L'idée d'avoir un enfant germait déjà dans l'esprit de Sabrina Roy et de son conjoint en 2013. La campagne électorale et son résultat ont toutefois modifié les plans. Une fois bien en selle, le projet est toutefois revenu. Et les fonctions politiques n'étaient aucunement perçues comme une contrainte.

Lorsqu'elle était enceinte, Sabrina Roy était très présente dans les rencontres à la Ville de Trois-Rivières. Malgré la fatigue, une grossesse difficile et le bedon - certaines diront encombrant - d'une femme enceinte, elle n'a pas pris de vacances du conseil municipal.

«Je ne voulais pas prendre de congé de maternité de la Ville. Après l'accouchement, j'étais encore à l'hôpital et je rappelais des citoyens», se souvient-elle avec le sourire.

Dix mois après avoir donné naissance au petit Zak, l'aventure tant politique que familiale se poursuit pour la jeune conseillère. Le petit garçon, qui fait ses nuits depuis qu'il n'a qu'un mois et demi, au grand bonheur de ses parents, accompagne à l'occasion sa mère politicienne lors d'activités ou de réunions.

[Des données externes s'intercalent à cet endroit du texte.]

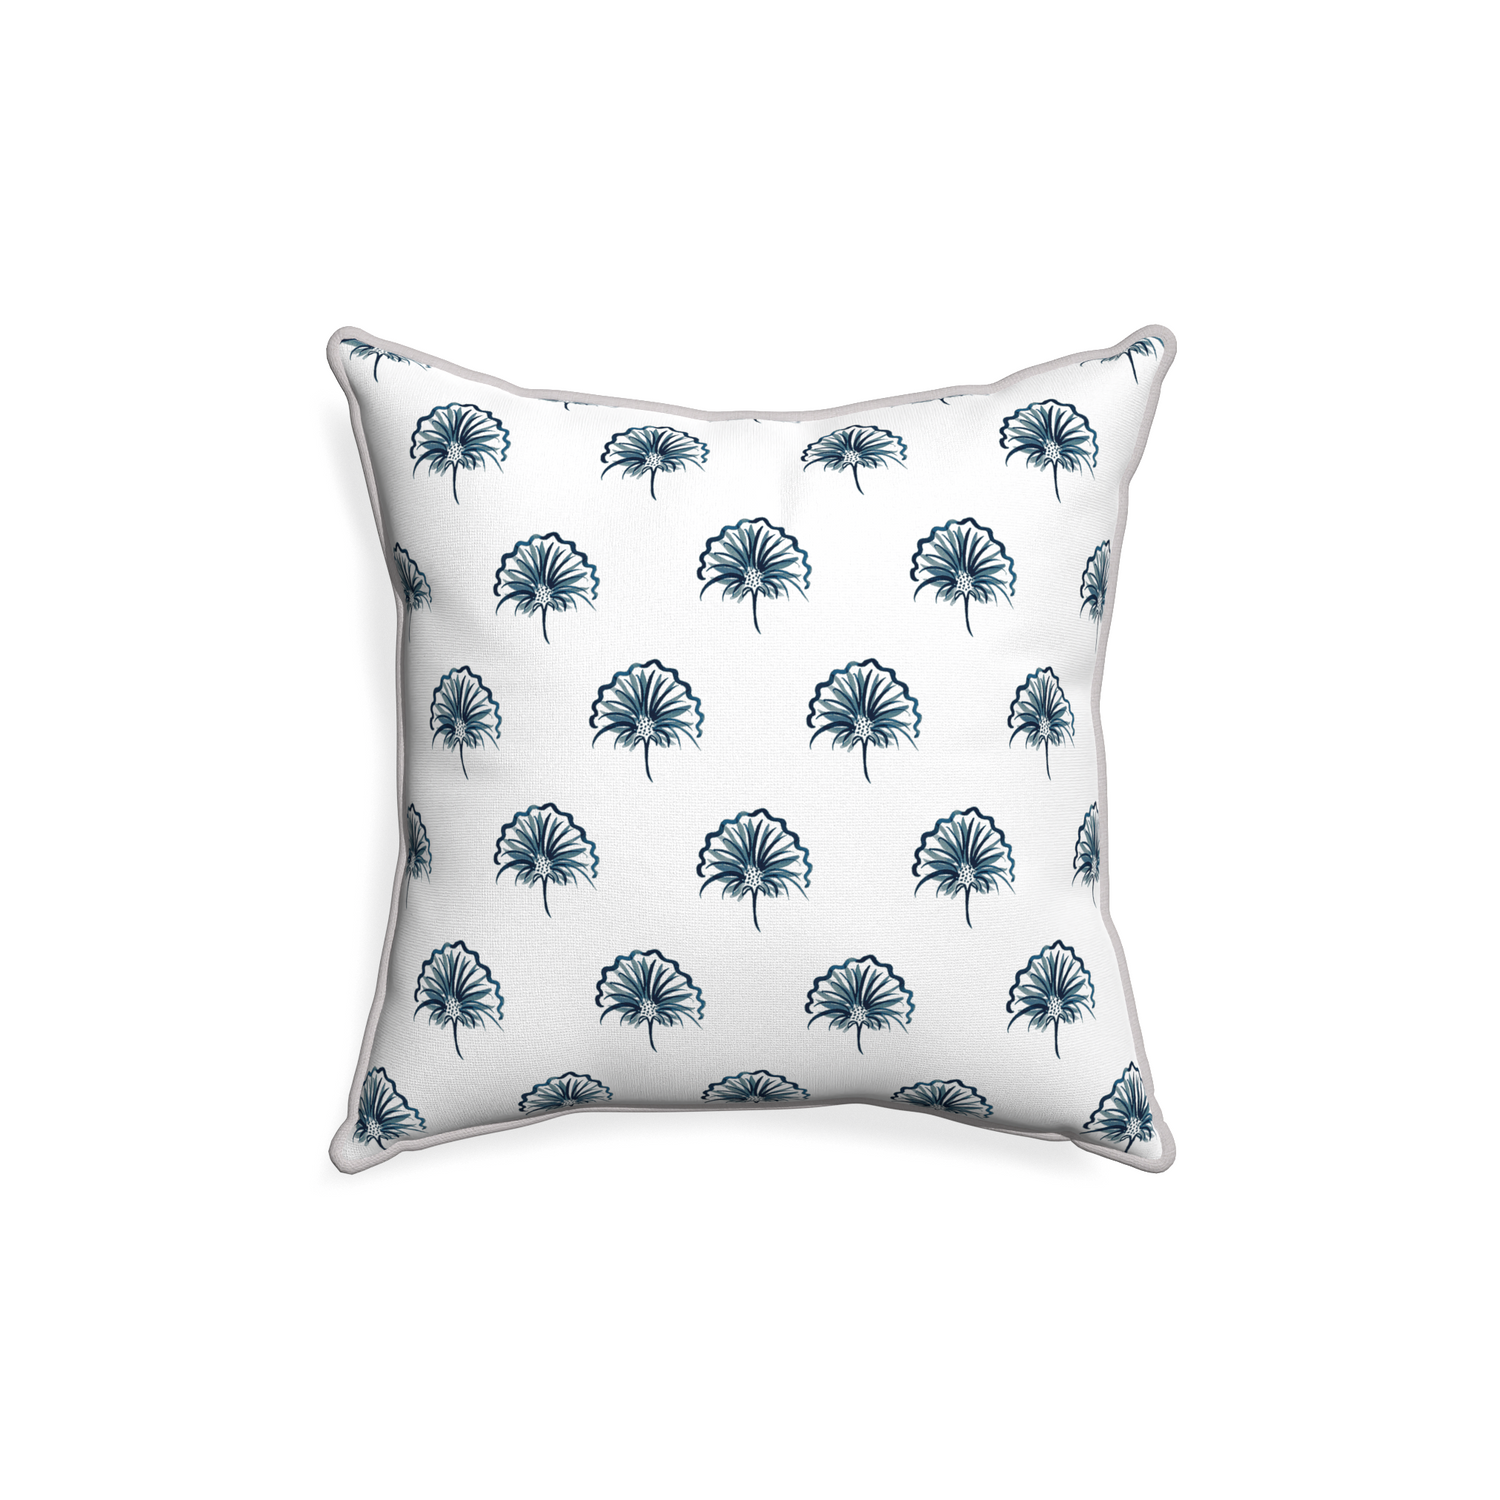 18-square penelope midnight custom floral navypillow with pebble piping on white background

«Je dis souvent à la blague qu'il savait que maman était occupée et qu'elle devait dormir», souligne-t-elle.

À l'instar de Julie Boulet et de Ruth Ellen Brosseau, Sabrina Roy avoue qu'elle a la chance de compter sur de l'aide de son conjoint et de membres de sa famille. «Une chance qu'on a des ressources, sinon je ne sais pas ce qu'on ferait», précise Sabrina Roy. «Il faut avoir une bonne équipe, c'est comme en politique. Si la famille avait été à l'extérieur, je ne sais pas si on y arriverait.»

Loin d'être des regrets, car elle adore son implication politique et considère qu'elle est importante pour ses concitoyens, Sabrina Roy reconnaît qu'elle vit certains déchirements. Son petit n'a après tout que dix mois.

«Je n'ai pas pu passer tous les moments que je voulais avec, mais les moments où je suis là, on passe du temps de qualité ensemble. C'est ça qui compte», affirme la conseillère municipale qui croit que plusieurs femmes peuvent voir dans cette réalité un frein à l'implication politique. «Est-ce que je vais mettre un X sur mon projet familial parce que je suis en politique? C'est sûr que non.»